Second, develop new payment mechanisms that promote quality and efficiency in traditional Medicare. Paying for a bundle of related services rather than separate payments for each service can promote more efficient delivery of care. Competitive bidding for standardized types of services, such as clinical laboratory testing or durable medical equipment also has the potential for reducing Medicare’s cost. Basing payment at least in part on the provider’s performance could also help reduce avoidable clinical problems that often add up to big money. These are not new ideas — they are mentioned in the ACA — but they need considerable development before we can expect to see results.

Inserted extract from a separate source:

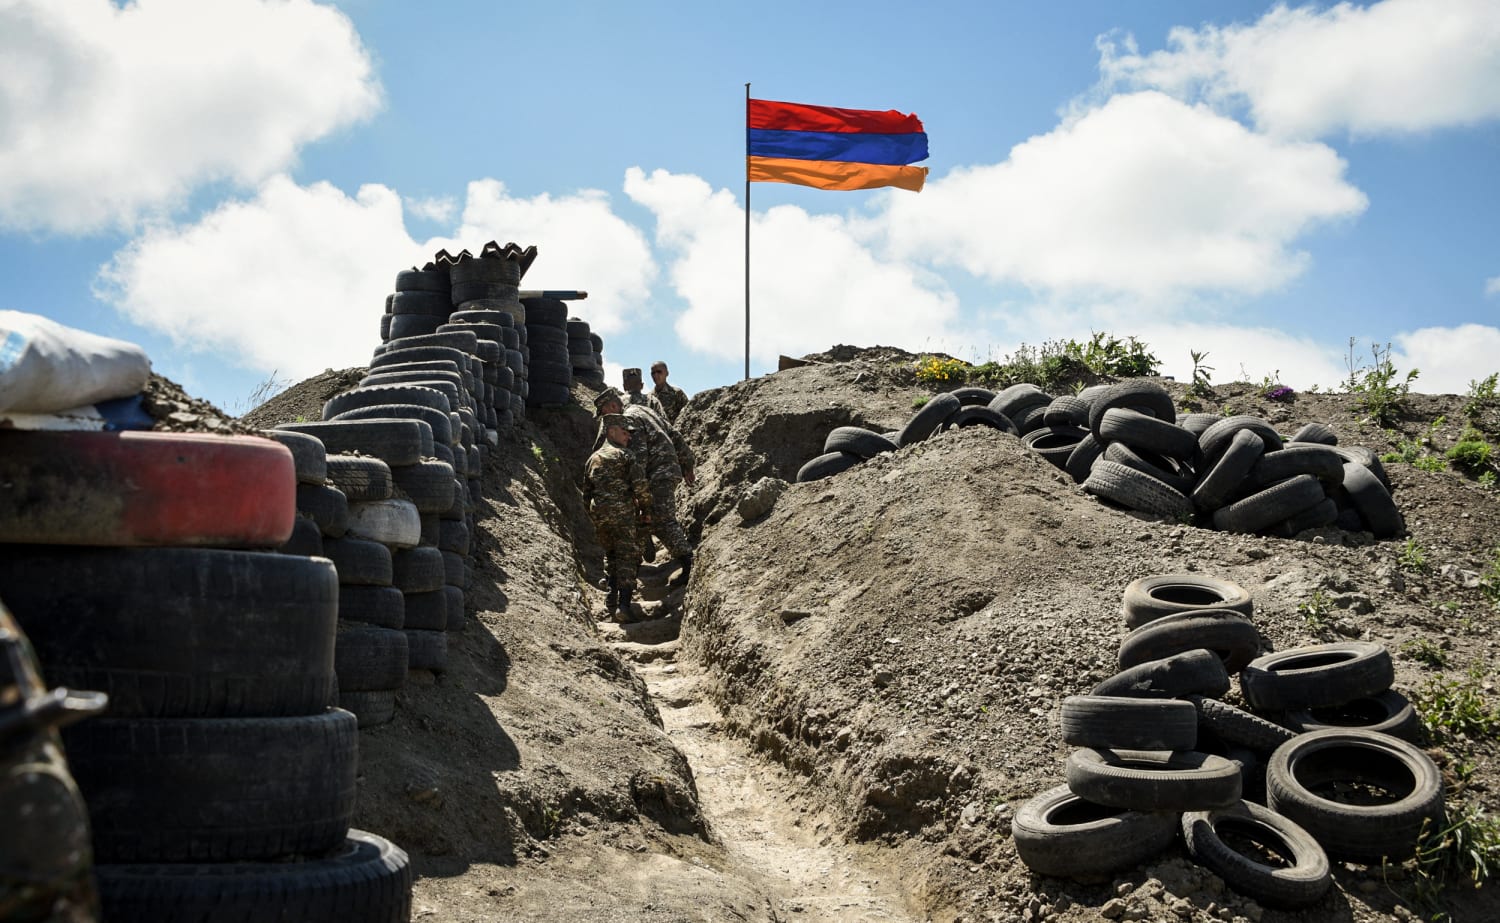 Armenia-Azerbaijan attacks: U.S. calls for end to hostilities

Third, reform the ACA’s flawed accountable care organizations (ACOs). ACOs were intended to expand access to high-quality integrated care networks in Medicare. Their biggest flaw is that beneficiaries do not consciously enroll in them and have no idea that they are part of what is supposed to be a better way to provide healthcare. Instead, these provider-based networks should be offered along with Medicare Advantage plans as alternatives to traditional Medicare, and they should be allowed to offer lower costs and better benefits as inducements.
The United States is fast approaching an unprecedented economic crisis with the national debt rising to dangerous levels. The federal government has made spending commitments that far exceed the country’s capacity to pay for them. Medicare is the biggest part of our fiscal problem, but it can be saved for future generations. To be effective, Medicare reform must promote the smarter use of health services and give seniors a real voice in their healthcare.
Antos is the Wilson H. Taylor Scholar in Health Care and Retirement Policy at the American Enterprise Institute.